**AIM OF THE TASK:** All lines from the one containing "Supreme wallpaper oled snake logo 4K" through the last line of the listing below are to be copied exactly. Exclude the pictures.

**SUPPLIED MATERIAL:**
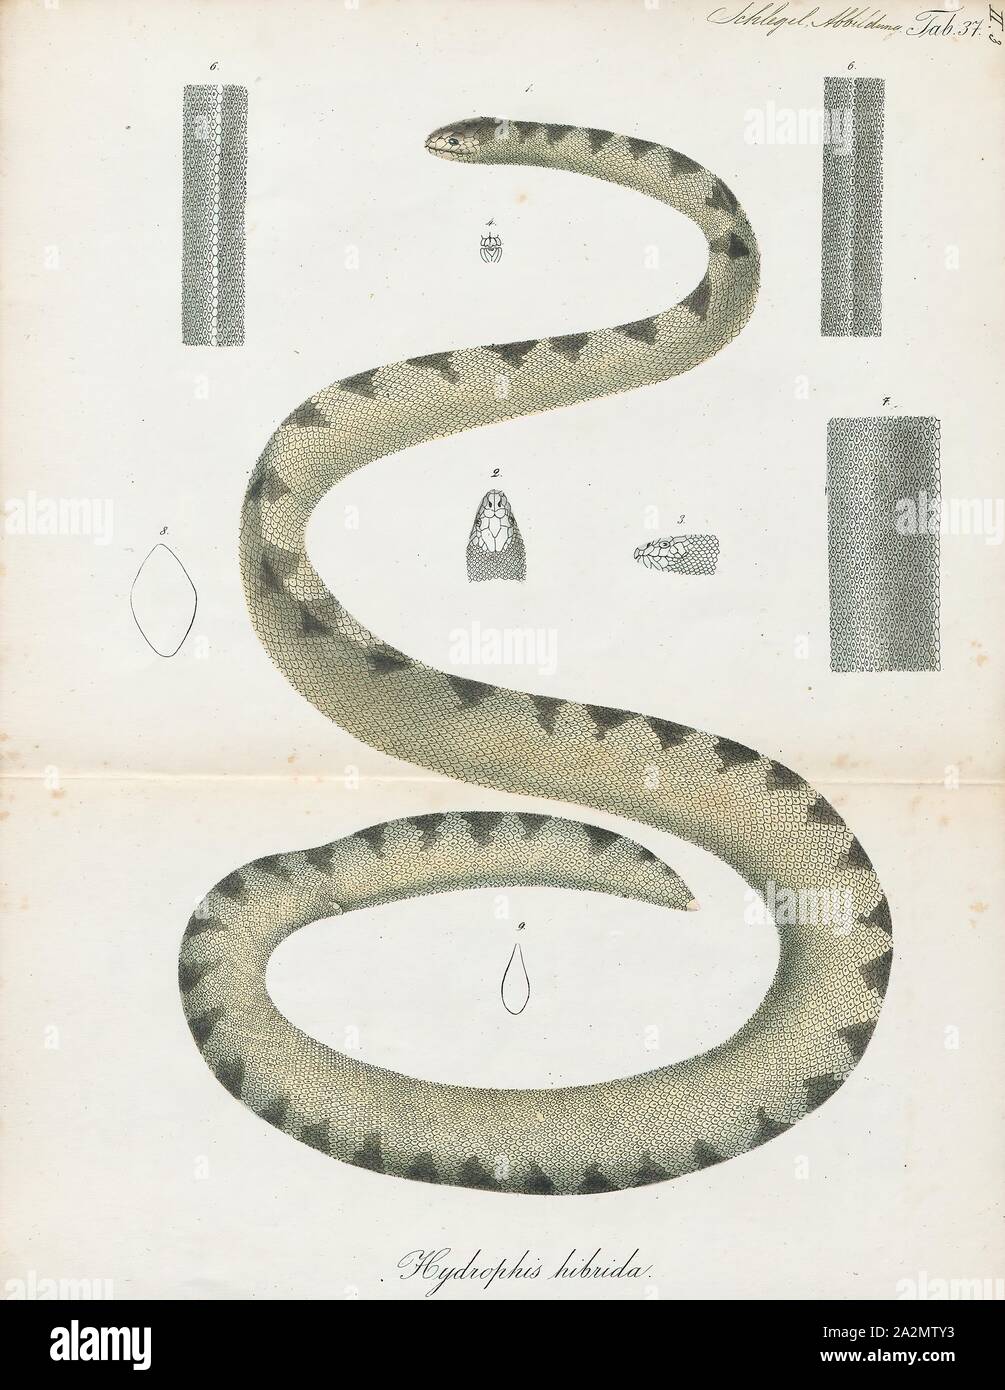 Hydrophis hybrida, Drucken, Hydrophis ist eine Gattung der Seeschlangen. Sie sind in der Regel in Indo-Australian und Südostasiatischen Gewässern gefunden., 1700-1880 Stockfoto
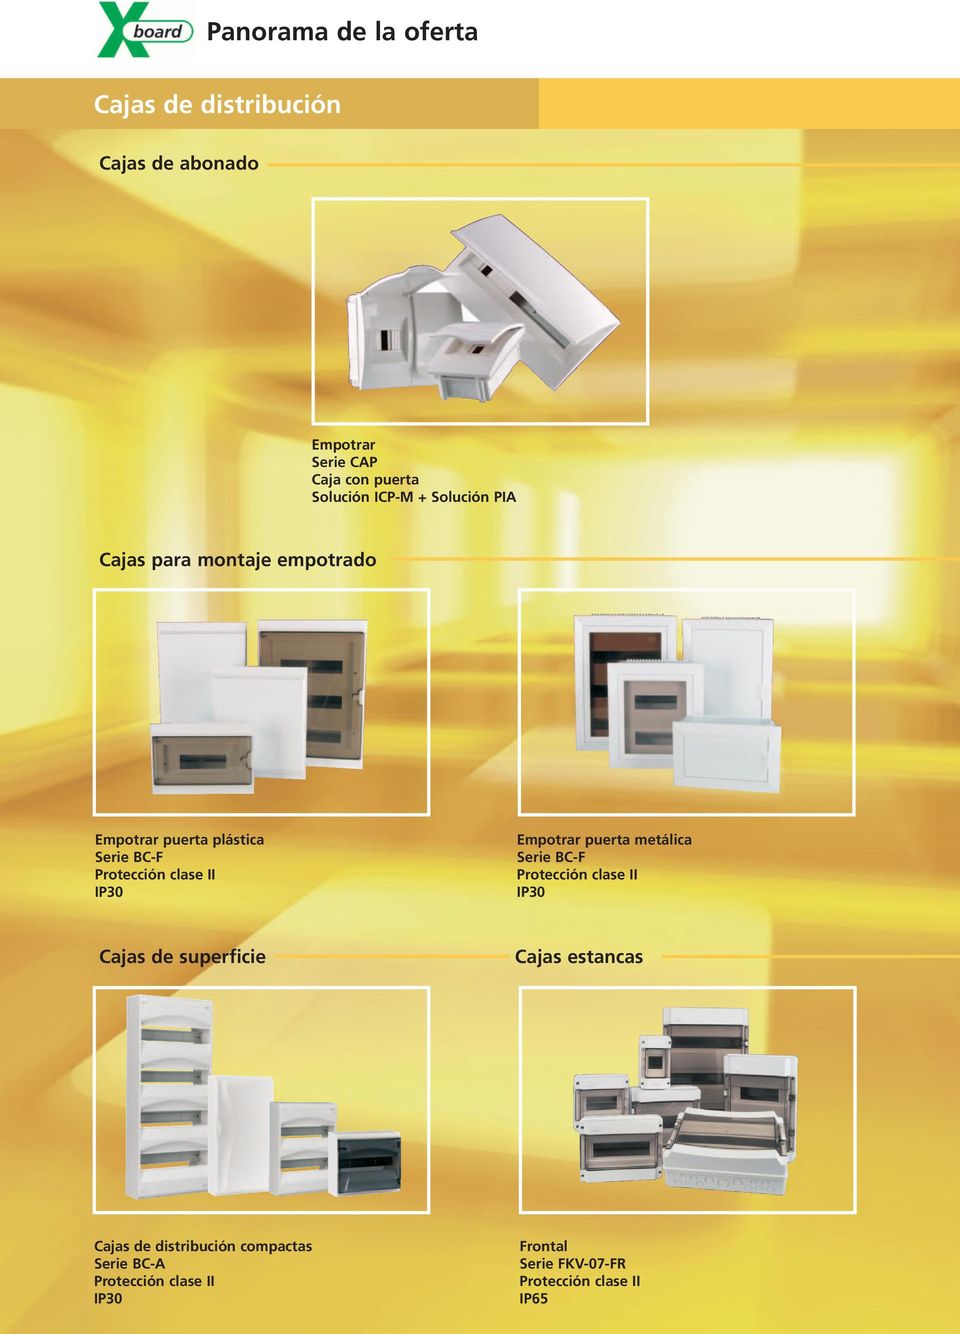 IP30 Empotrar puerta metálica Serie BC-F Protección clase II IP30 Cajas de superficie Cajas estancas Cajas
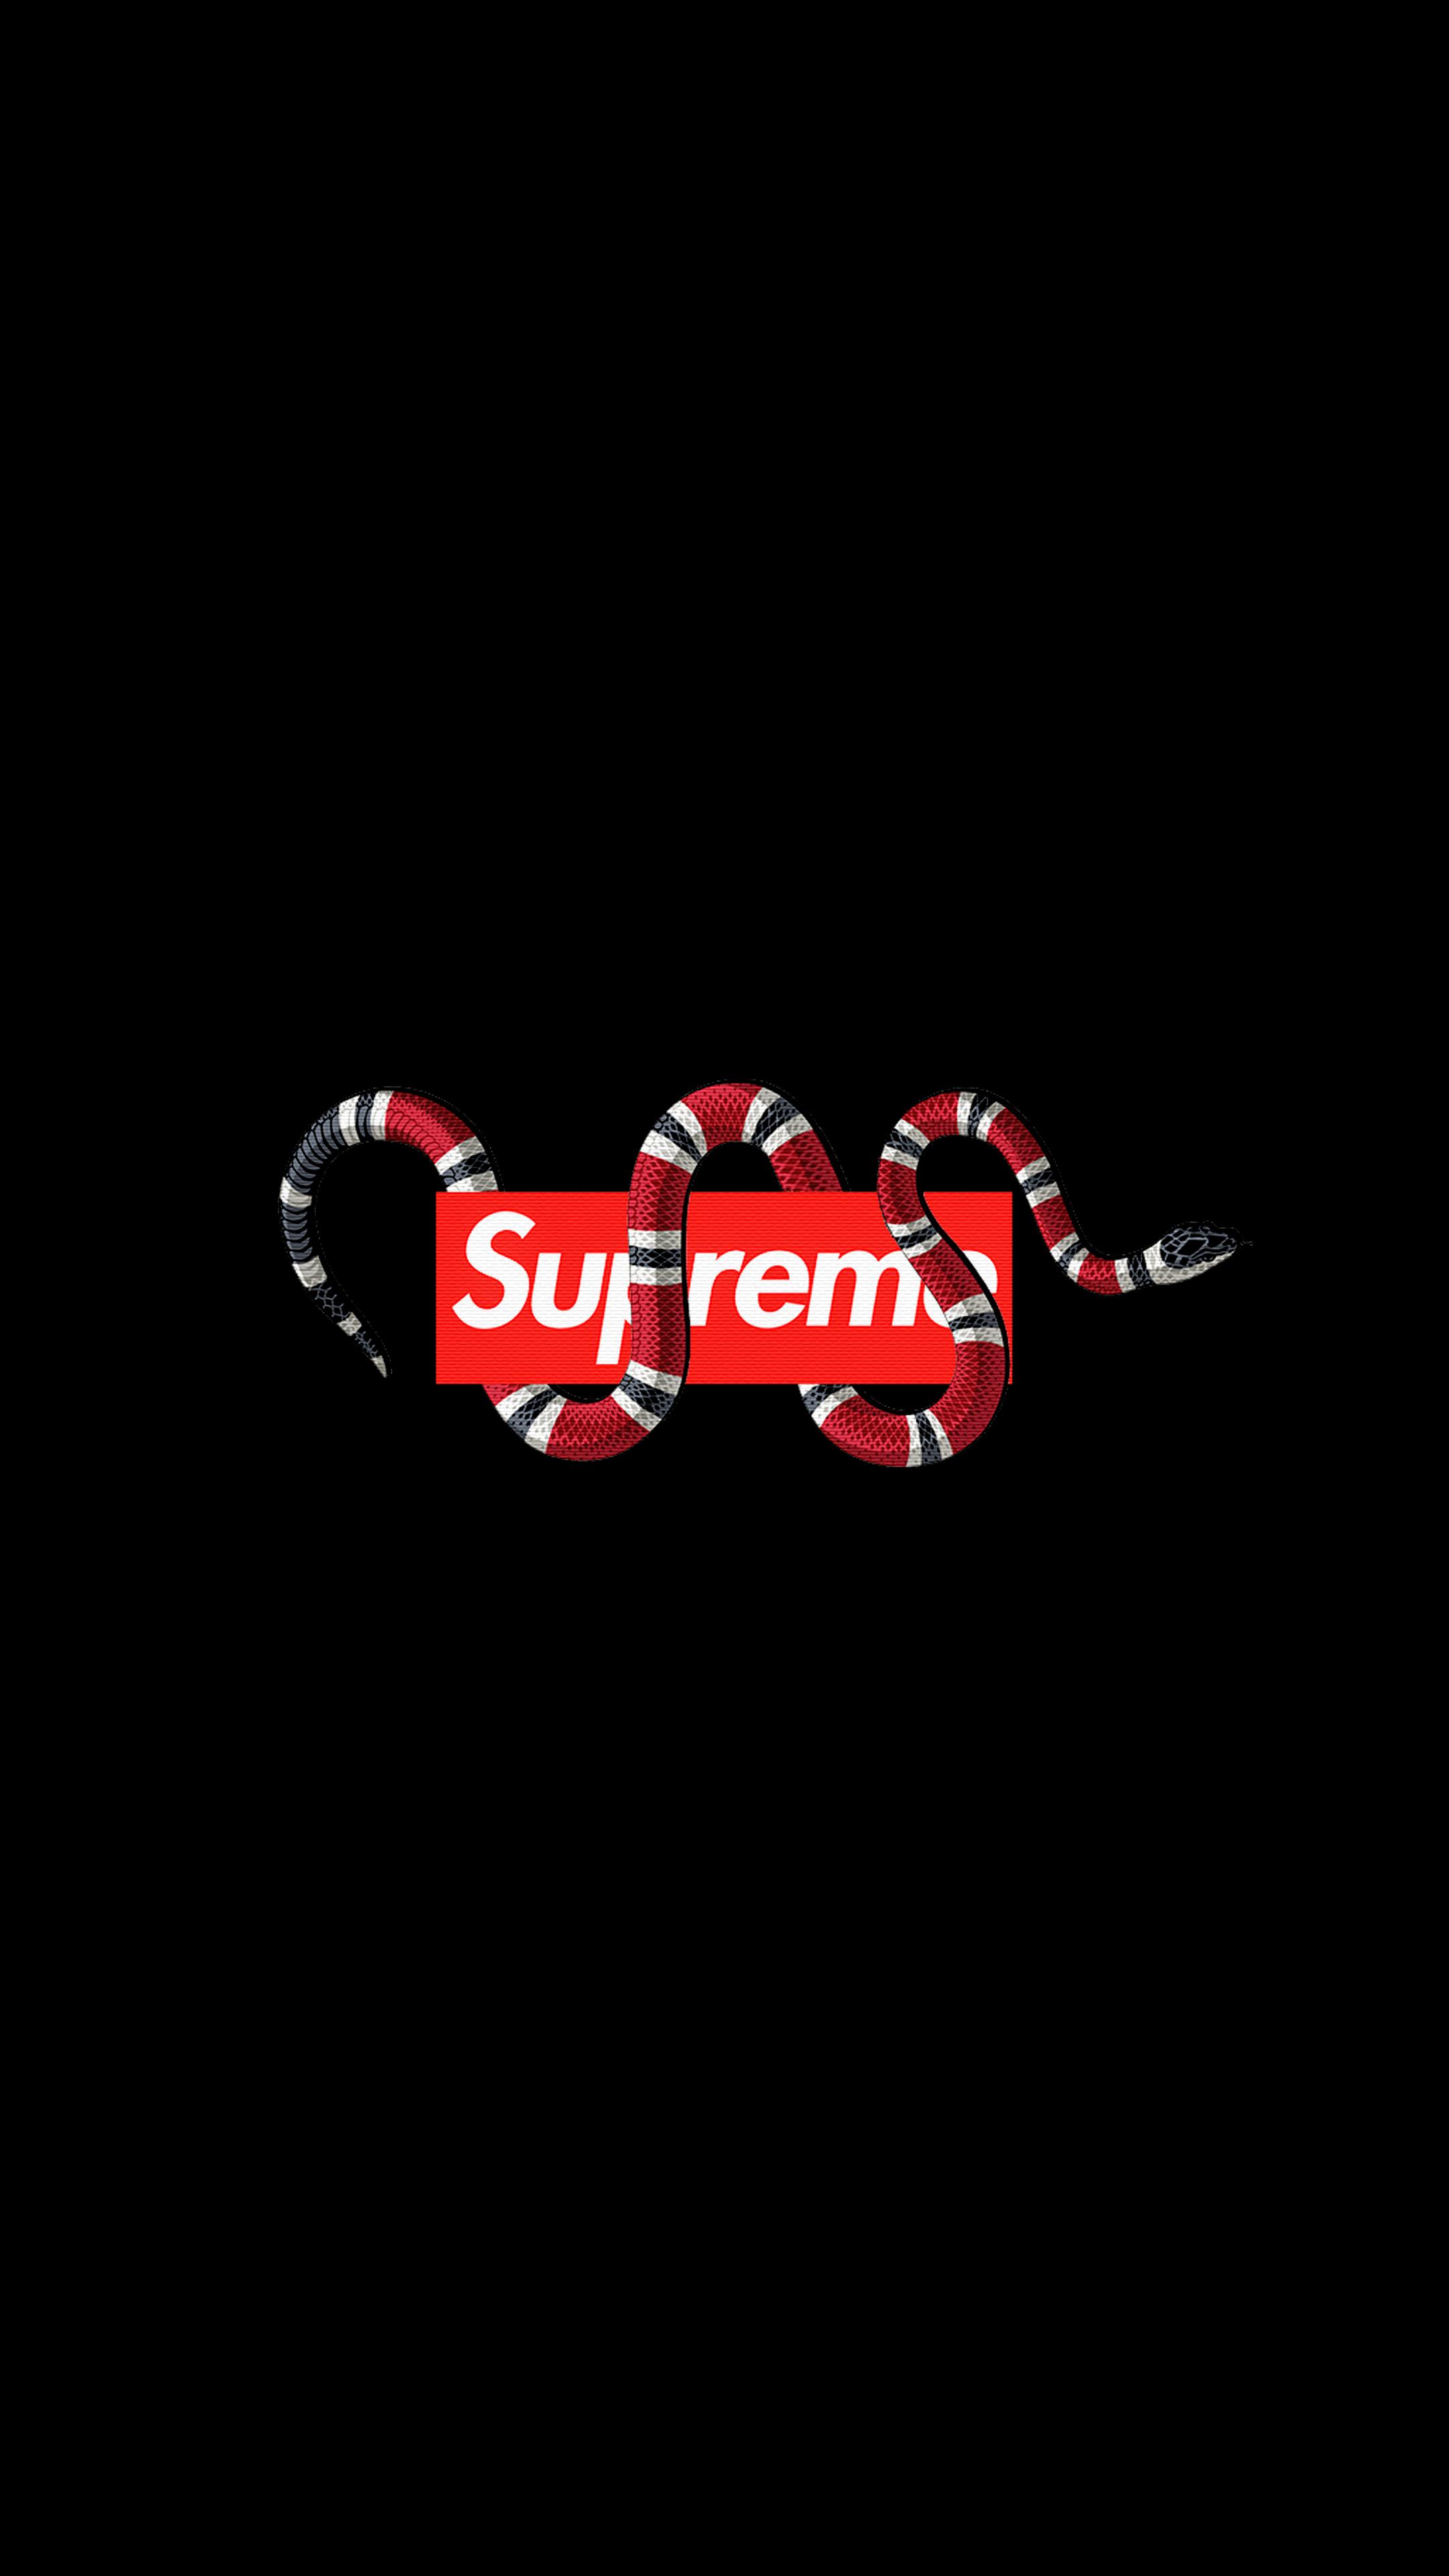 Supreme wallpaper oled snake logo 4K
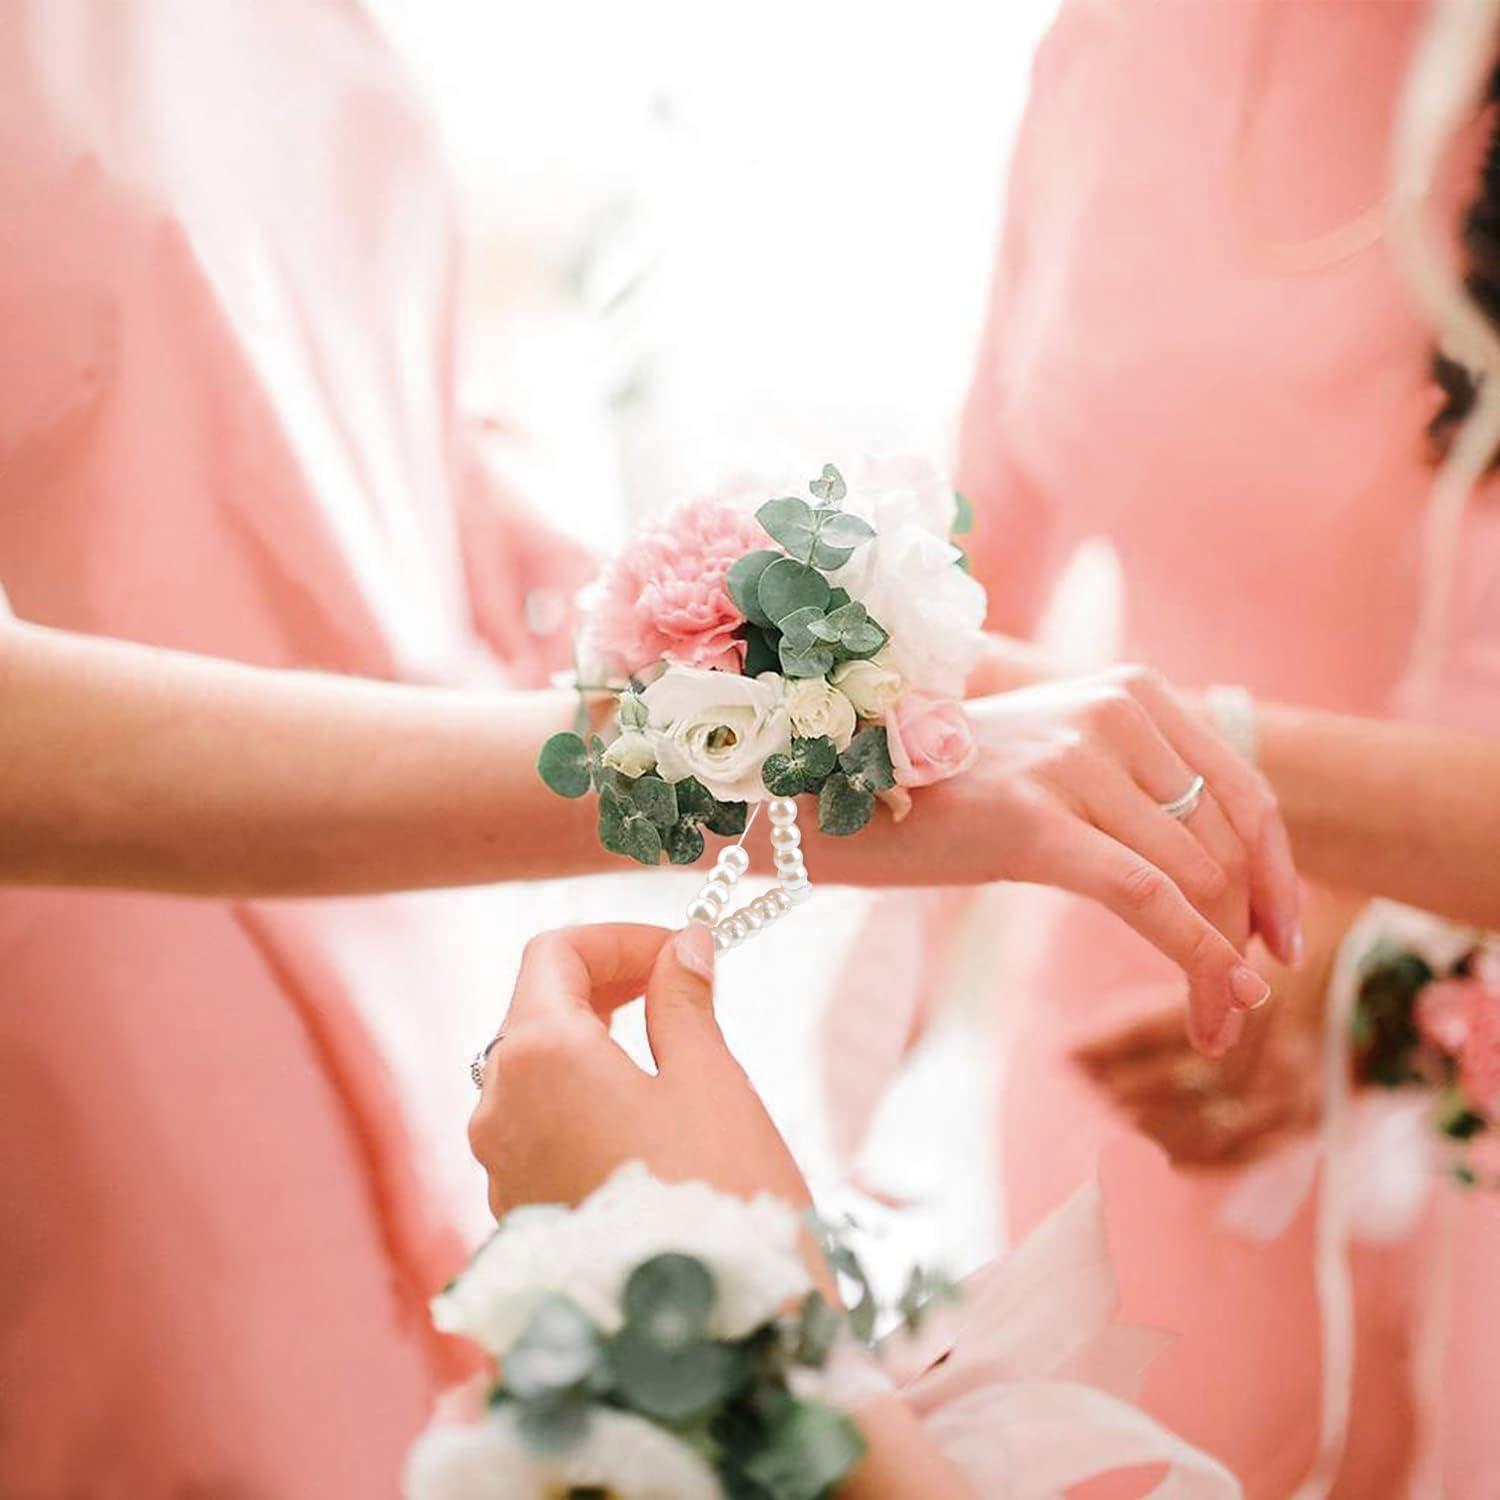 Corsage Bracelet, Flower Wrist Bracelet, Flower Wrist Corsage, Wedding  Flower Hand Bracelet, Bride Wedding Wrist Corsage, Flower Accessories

**ANSWER SECTION:**
 Supreme wallpaper oled snake logo 4K
 Corsage Bracelet, Flower Wrist Bracelet, Flower Wrist Corsage, Wedding  Flower Hand Bracelet, Bride Wedding Wrist Corsage, Flower Accessories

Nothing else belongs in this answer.